Most organizations deploy Copilot and leave these settings at their defaults. That is not a disaster. But it is not the right starting point for a bank, credit union, or mortgage company either. The defaults are designed for a general Microsoft 365 customer. Your institution is not a general Microsoft 365 customer.

This article walks through each of the four Copilot Chat personalization controls, what they actually do for your users, and what regulated financial institutions should know before they flip them on for the whole organization. The privacy story is specific and worth understanding. Your Purview team will ask about it. The controls documented here may also inform supervisory expectations as AI governance matures across the financial sector.

4
Copilot Chat personalization controls that most regulated institutions leave at default without reviewing
Microsoft 365 Copilot admin center, Enhanced Personalization settings

The Four Controls, Explained Without Marketing Language

Microsoft groups Copilot Chat personalization under what it calls "Enhanced Personalization." Think of it as a master switch with four sub-controls underneath it. When the master switch is on, all four sub-controls are available to users. When the master switch is off, all four are disabled regardless of what individual users try to set.

Custom Instructions
Explicit preferences the user types in themselves -- shaping tone, response length, and role context across Copilot Chat sessions. Not carried into Cowork. Not eDiscovery-retrievable by admins.
Saved Memories
Facts Copilot stores about a user -- either explicitly stated or inferred from conversations. Persists across sessions. Stored in a hidden Exchange mailbox folder used by Copilot as its memory location. eDiscovery-searchable via Purview, but NOT covered by standard Copilot retention policies.
Chat History (Frontier Tier)
Dynamic context from past conversations that makes future sessions more relevant. Available on the Frontier tier of Microsoft 365 Copilot. If Enhanced Personalization is turned off, conversation history context deletes after about 30 days.
Work IQ
Copilot's organizational intelligence layer. Processes email, calendar, meetings, Teams chats, files, and collaboration patterns continuously. Powers Cowork (the agentic capability) as shared infrastructure. The foundational layer that carries across your full Copilot deployment.
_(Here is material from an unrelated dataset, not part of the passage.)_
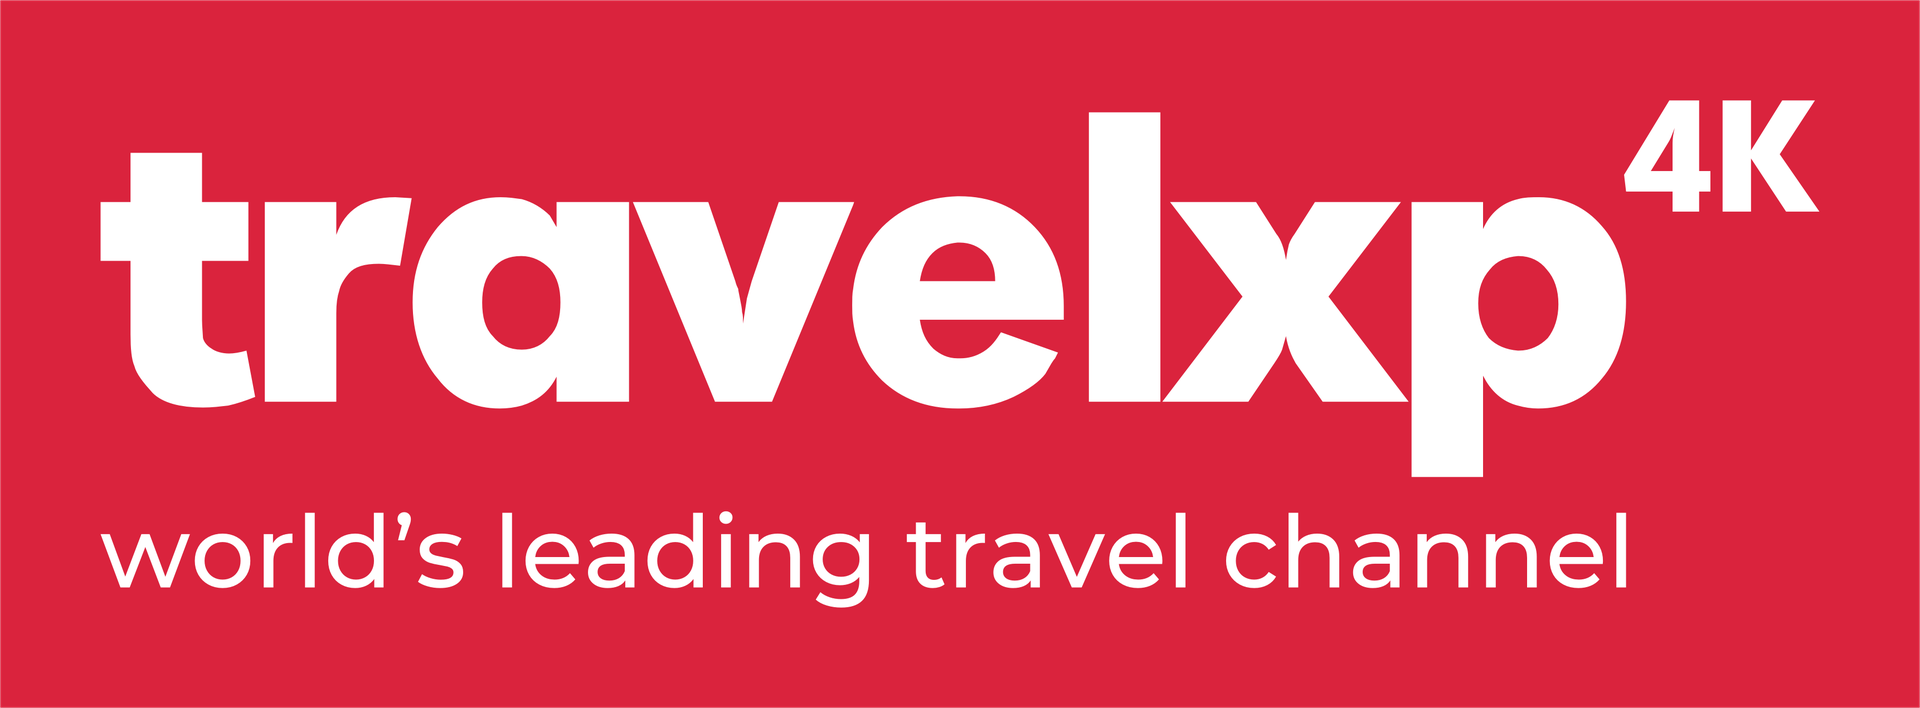 Travelxp_4K_logo_with_tagline_redbg.png

Custom Instructions: Teaching Copilot How Your Users Work

Custom instructions are explicit preferences the user types in themselves. A loan officer might enter something like: "I review mortgage applications for a community bank. When I ask questions about loan guidelines, keep your answers concise and cite the specific guideline section." A compliance analyst might set "I prefer responses in bullet points with sources listed at the end."

Copilot uses these instructions across Copilot Chat conversations. They shape tone, response length, and context awareness without the user having to re-explain their role in every session.

Three Things That Matter for Regulated Institutions

First, custom instructions are not carried into Cowork. A user who has detailed custom instructions in Copilot Chat will start fresh in Cowork. Keep that in mind when you plan your rollout sequence.

Second, custom instructions are not eDiscovery-discoverable by administrators. If your compliance team ever needs to review what instructions a specific employee gave to Copilot, there is no Purview path to retrieve that information. The user can export their own custom instructions manually. Admins cannot. (We cover the full picture of what is and is not discoverable in the companion article on Copilot memory governance gaps for banks and credit unions.)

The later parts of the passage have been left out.